Relationships at Varsity: Yes or No?

by Cailyn Sonderup

Dating is first introduced to in school. Generally, people start dating and experimenting in high school and this continues throughout university. Some people do it to find their forever person while some do it to have some fun. Are relationships at varsity a good idea for your academic performance and long-term success?

When I started my first year at UCT, a relationship was very low down on my list of priorities- definitely less important than being at Tin Roof every Thursday night, and even less important than attending my 8AM lectures the next Friday morning (which is really saying something). In fact, I swore that I didn’t want a relationship. Now that I am in my honours year, a lot of things have changed – not only do I never go to Tin Roof, and always go to my 8AM lectures, but I find myself happily in a serious relationship. While a relationship is obviously not something that can really be evaluated in a list of pros and cons, here are a few insights I have gained, looking back on my few years at UCT, both in a relationship and single.

Relationships at Varsity: No?

1. FOMO

Many people starting off their degrees think that being in a relationship will make them suffer from FOMO (fear of missing out) and give them less freedom to go out and to make new friends.  While this really depends on the person and the relationship, there is the danger that the comfort of having a boyfriend or girlfriend might not force you to go out and meet new people, especially if you are new to the university.

2. Neglecting other relationships or work

When some people enter a relationship, their lives seem to be put on hold as their entire world revolves around their partner.  This can be problematic when it means that other friendships get neglected or if it distracts you from coping with varsity work.

3. Being in a relationship means having to compromise

Whether it’s about which movie to see, or balancing hanging out with your friends and your partner’s friends, you have to take your partner’s feelings into account too.
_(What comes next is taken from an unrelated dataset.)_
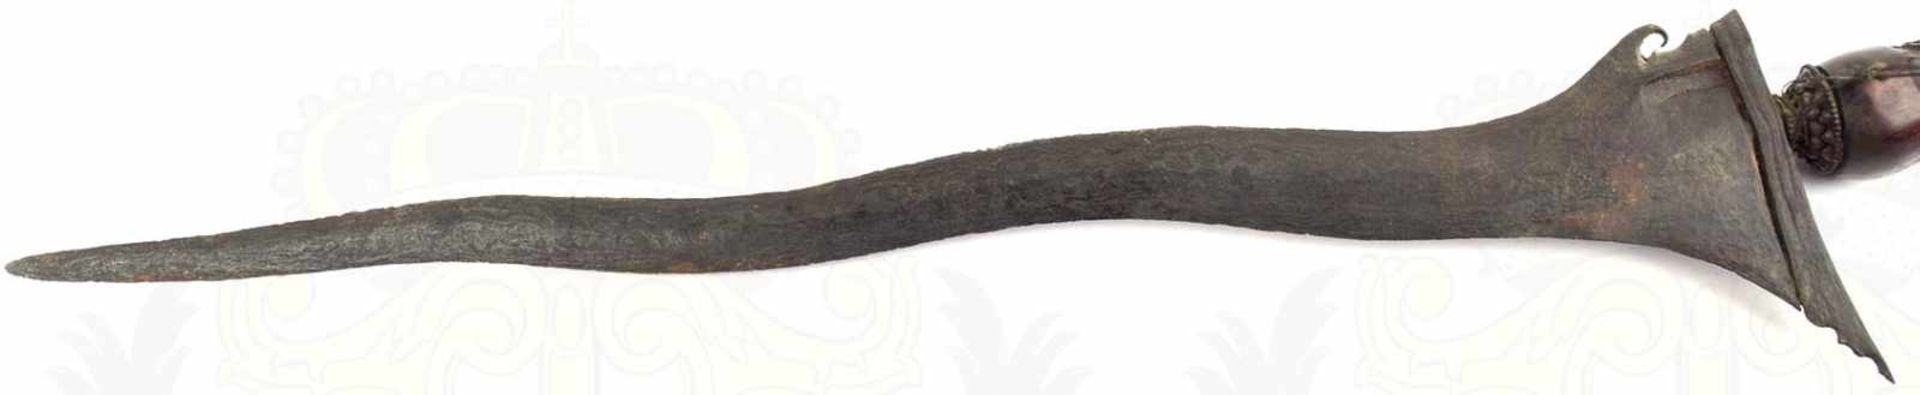 KRIS, Java um 1900, geflammte Klinge, durchgehen kleine Närbchen, Holzgriff m. etwas - Bild 2 aus 3

If you are dating someone, you can’t always just do what you want to do – so if you’re not ready to do that, being in a relationship may be difficult for you, especially at university where you are juggling friends, studies, jobs and other responsibilities.

4. “Party now while you can”

Some people fear feeling “tied down” in a relationship, especially if you are just starting your university career. Similarly others think that your early years at university should be the time when you take advantage of going out a lot (as opposed to staying in with your girlfriend or boyfriend), since in your later years of studying, you may have less free time for this. Of course, nothing is stopping you from going out if you are in a relationship, but if these fears resonate with you, perhaps you are not ready to commit to being in a relationship.

Relationships at Varsity: Yes?

1. Being exposed to new friends from different friend circles, cities, countries or faculties

University is one of the best places to be when it comes to meeting new and different types of people, and being exposed to different ideas, cultures and ways of thinking. Having a boyfriend or girlfriend may only enhance this, especially if you are from different cities/countries or different faculties/degrees, as you mix your friendship groups and ideas.

2. Having someone to support you when things get tough

Whether exam time is looming or you are missing your family or home, it is reassuring to have someone who will support you and be there for you – and listen to your complaints about how much work you have or how stressed you are (because no matter how good your friends are, they will eventually get tired of listening to this).

3. Being in a relationship means never having to watch series on a weekend night alone.

Which makes those Game of Thrones marathons ok.

4. Being in a relationship means that you never have to be lonely.

Of course, this also depends on the type of person you are – some people enjoy having plenty of “me-time”, while others prefer to have people around them.  But especially for those who are at university away from home, or are living by themselves or in res, a boyfriend or girlfriend can be your family away from home.

5. Not being involved in “game-playing”

One of the advantages of a relationship is not having to be single and deal with all the “game-playing” and uncertainty that may accompany going out and dating; rather you can be with someone who accepts and loves you for who you are.

6. Taking advantage of the opportunity at university to meet lots of new people through dating

University is one of the times when you are constantly meeting new people, so perhaps it is the time to be taking advantage of this by dating and figuring out what kinds of people you like or would like to date, regardless of whether you and your date are going to be together forever or not.

7. Love

And of course, being in a relationship means (or should mean) being in love and being loved in return.  I don’t think I have to elaborate on this one.

Of course, ultimately whether or not being in a relationship at varsity would work for you, is not really something that can be established in a list of pros or cons and will differ from person to person and relationship to relationship.  In the end, the decision won’t really be about FOMO or having someone to watch series with- it will be about being with someone who makes you happy in a way no one else can. And if you have that, you probably won’t need to look at the pros and cons.

EduConnect 2cents

Generally, you’ll know what you want with regards to dating. You may be totally against dating until you meet that one person who completely sweeps you off your feet. Or you may date various people because they bring fun and companionship into your life. Whatever type of person you are, you should know yourself well enough to know what you want. If you don’t know what you want, find out.